Variables | Group | Entire set (n = 1002) |
Training set (n = 501) |
Validation set (n = 501) | P-value |
---|---|---|---|---|---|
Age | ≤ 65 | 428 (42.71%) | 220 (43.91%) | 208 (41.52%) | 0.5896 |
> 65 | 558 (55.69%) | 276 (55.09%) | 282 (56.29%) | ||
Unknow | 16 (1.6%) | 5 (1%) | 11 (2.2%) | ||
Gender | Female | 401 (40.02%) | 195 (38.92%) | 206 (41.12%) | 0.5191 |
Male | 601 (59.98%) | 306 (61.08%) | 295 (58.88%) | ||
Stage | Stage I | 514 (51.3%) | 262 (52.3%) | 252 (50.3%) | 0.6556 |
Stage II | 279 (27.84%) | 135 (26.95%) | 144 (28.74%) | ||
Stage III | 164 (16.37%) | 86 (17.17%) | 78 (15.57%) | ||
Stage IV | 33 (3.29%) | 14 (2.79%) | 19 (3.79%) | ||
Unknow | 12 (1.2%) | 4 (0.8%) | 8 (1.6%) | ||
T stage | T1 | 283 (28.24%) | 154 (30.74%) | 129 (25.75%) | 0.0919 |
T2 | 559 (55.79%) | 262 (52.3%) | 297 (59.28%) | ||
T3 | 115 (11.48%) | 65 (12.97%) | 50 (9.98%) | ||
T4 | 42 (4.19%) | 20 (3.99%) | 22 (4.39%) | ||
Unknow | 3 (0.3%) | 0 (0%) | 3 (0.6%) | ||
M stage | M0 | 745 (74.35%) | 369 (73.65%) | 376 (75.05%) | 0.6456 |
M1 | 32 (3.19%) | 14 (2.79%) | 18 (3.59%) | ||
Unknow | 225 (22.46%) | 118 (23.55%) | 107 (21.36%) | ||
N stage | N0 | 643 (64.17%) | 337 (67.27%) | 306 (61.08%) | 0.1652 |
N1 | 223 (22.26%) | 102 (20.36%) | 121 (24.15%) | ||
N2 | 111 (11.08%) | 51 (10.18%) | 60 (11.98%) | ||
N3 | 7 (0.7%) | 5 (1%) | 2 (0.4%) | ||
Unknow | 18 (1.8%) | 6 (1.2%) | 12 (2.4%) |
TCGA The Cancer Genome Atlas.
Construction of the nomogram
The nomogram and calibration curve were constructed using the R packages ‘survival’, ‘regplot’ and ‘rms’. The nomogram predicted the 1-year, 3-year and 5-year survival rates based on the risk score and other clinical factors.

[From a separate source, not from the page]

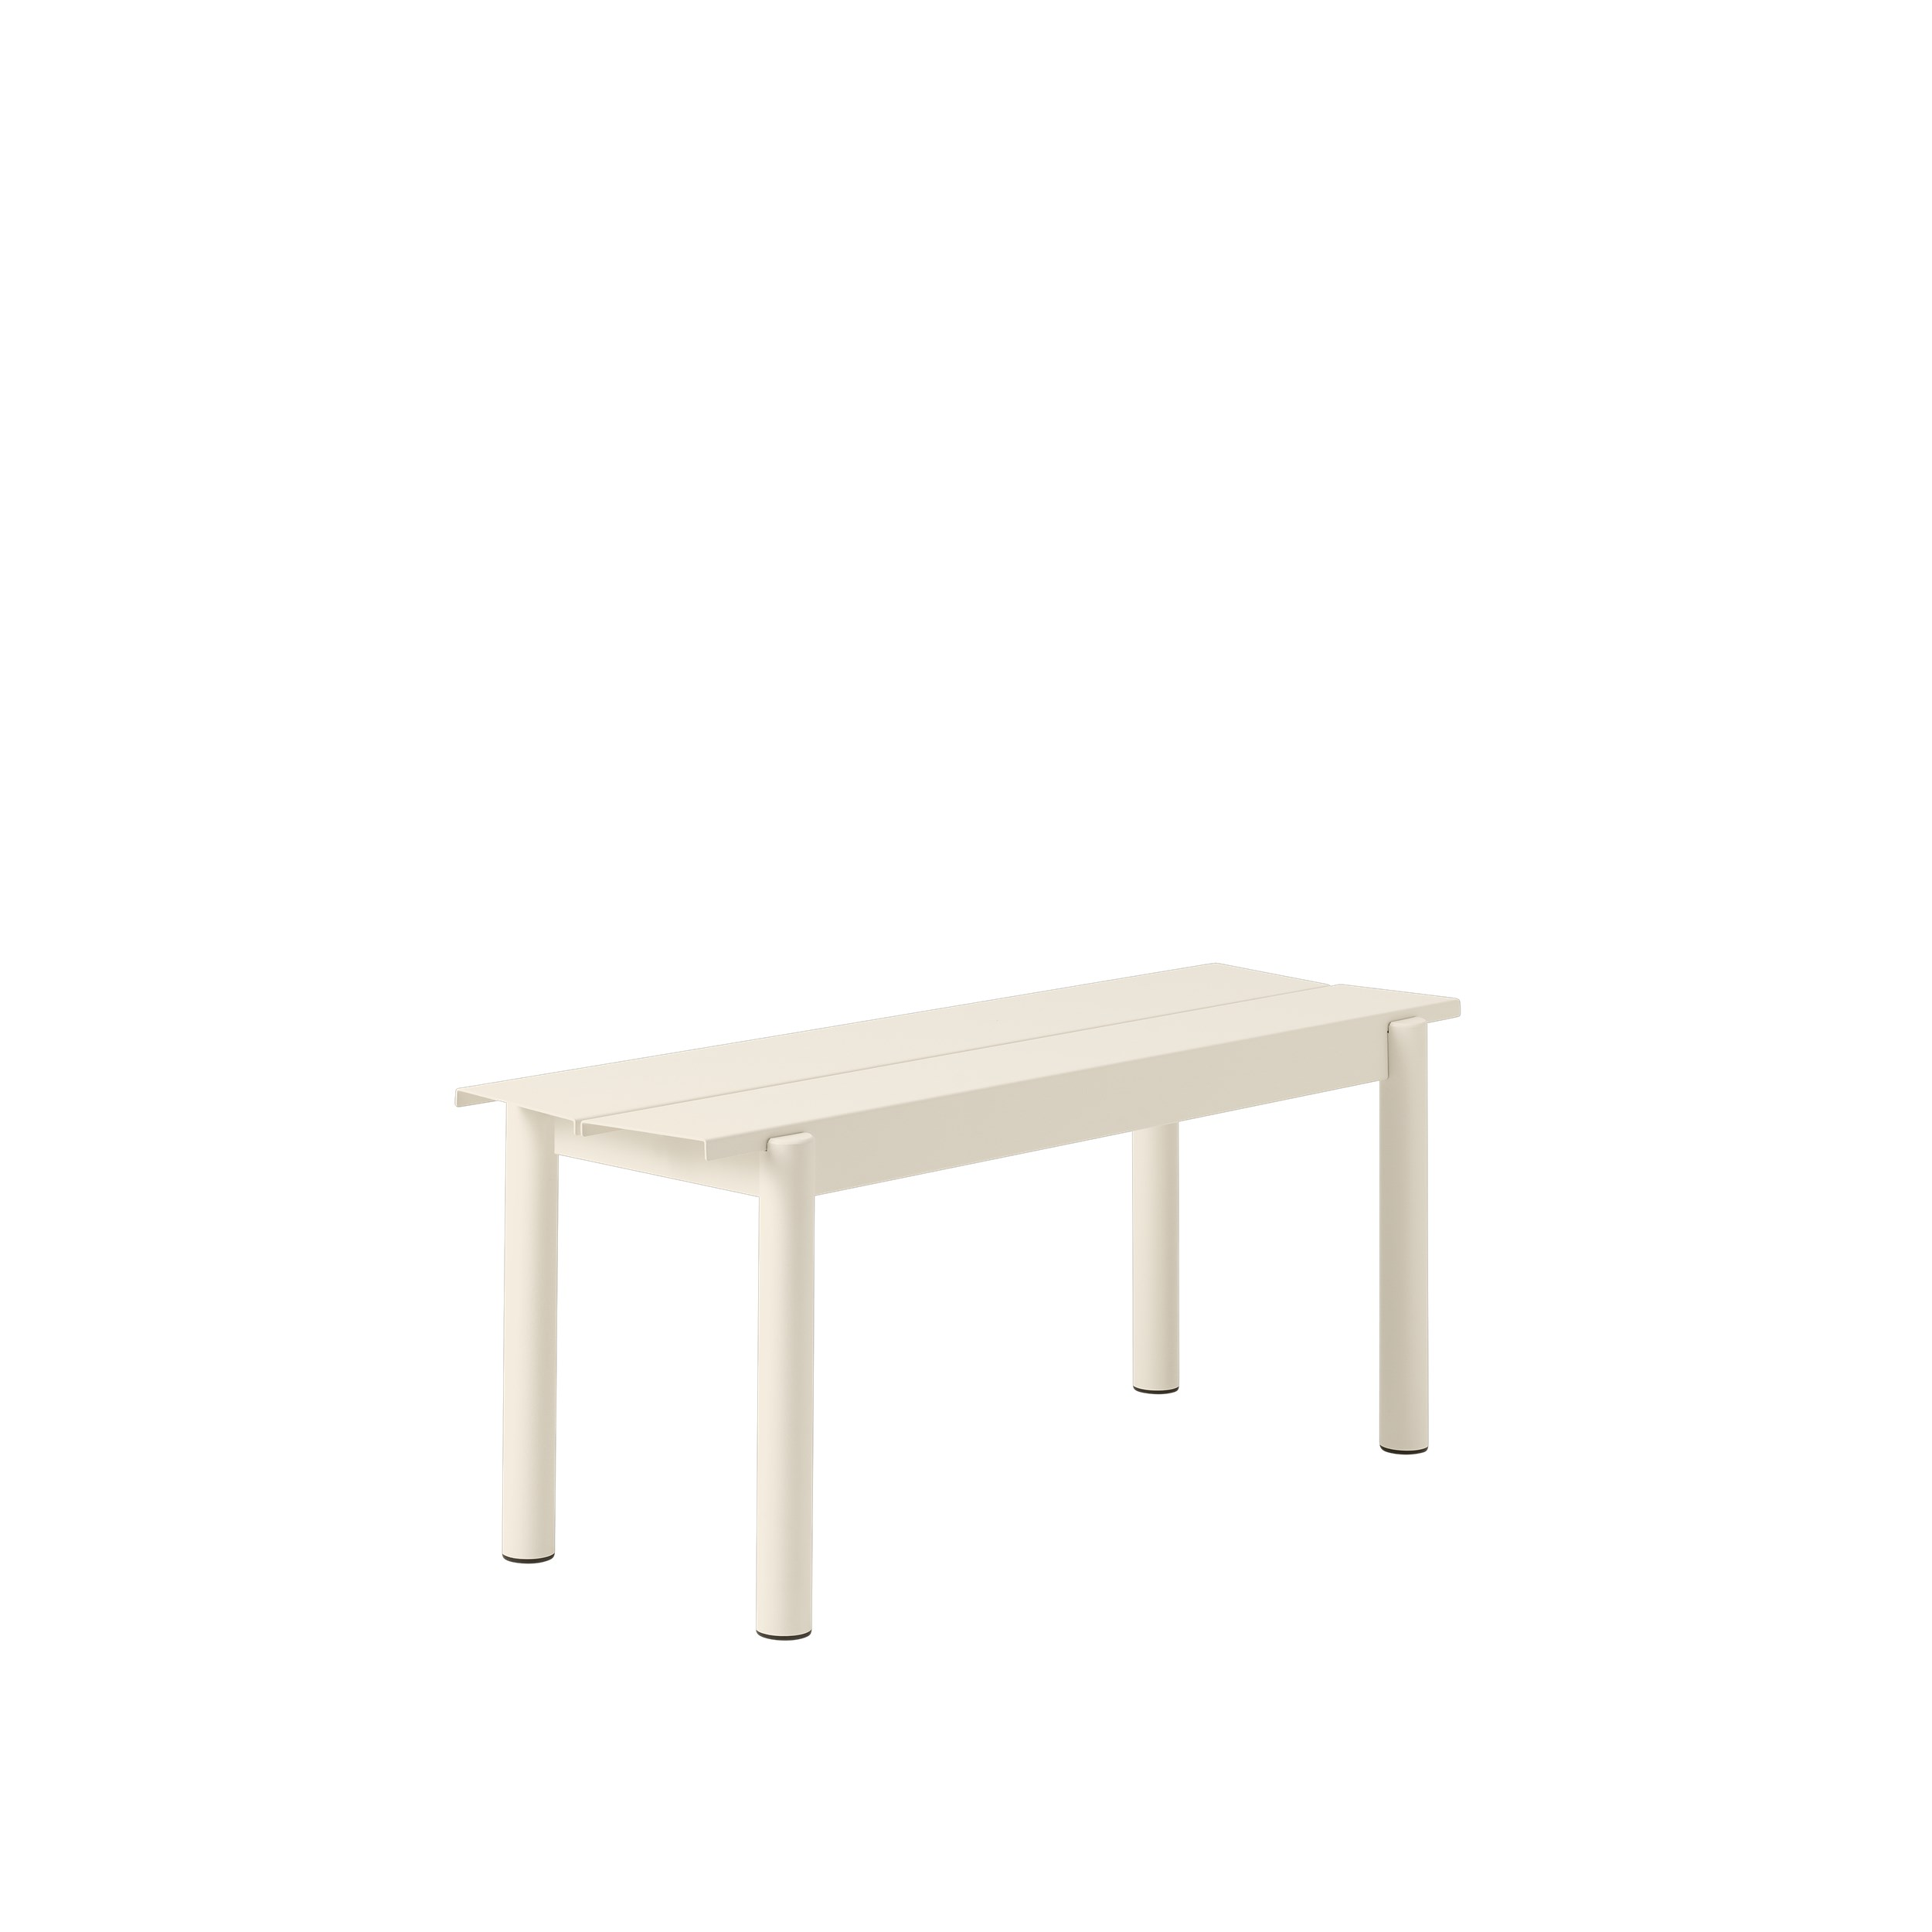 Muuto Linear Steel Bench 110 Off-white

Analyses of functional enrichment
Using the R packages ‘clusterProfiler’, ‘org.Hs.eg.db’, ‘enrichplot’, ‘ggplot2’, ‘RColorBrewer’, ‘dplyr’, ‘ggpubr’ and ‘ComplexHeatmap’, two types of functional enrichment analyses, Gene Ontology (GO; http://www.geneontology.org/) and Kyoto Encyclopedia of Genes and Genomes (KEGG; http://www.genome.jp/kegg/) analyses, were performed. Based on the threshold (P < 0.05), GO terms and KEGG signaling pathways were determined to be enriched.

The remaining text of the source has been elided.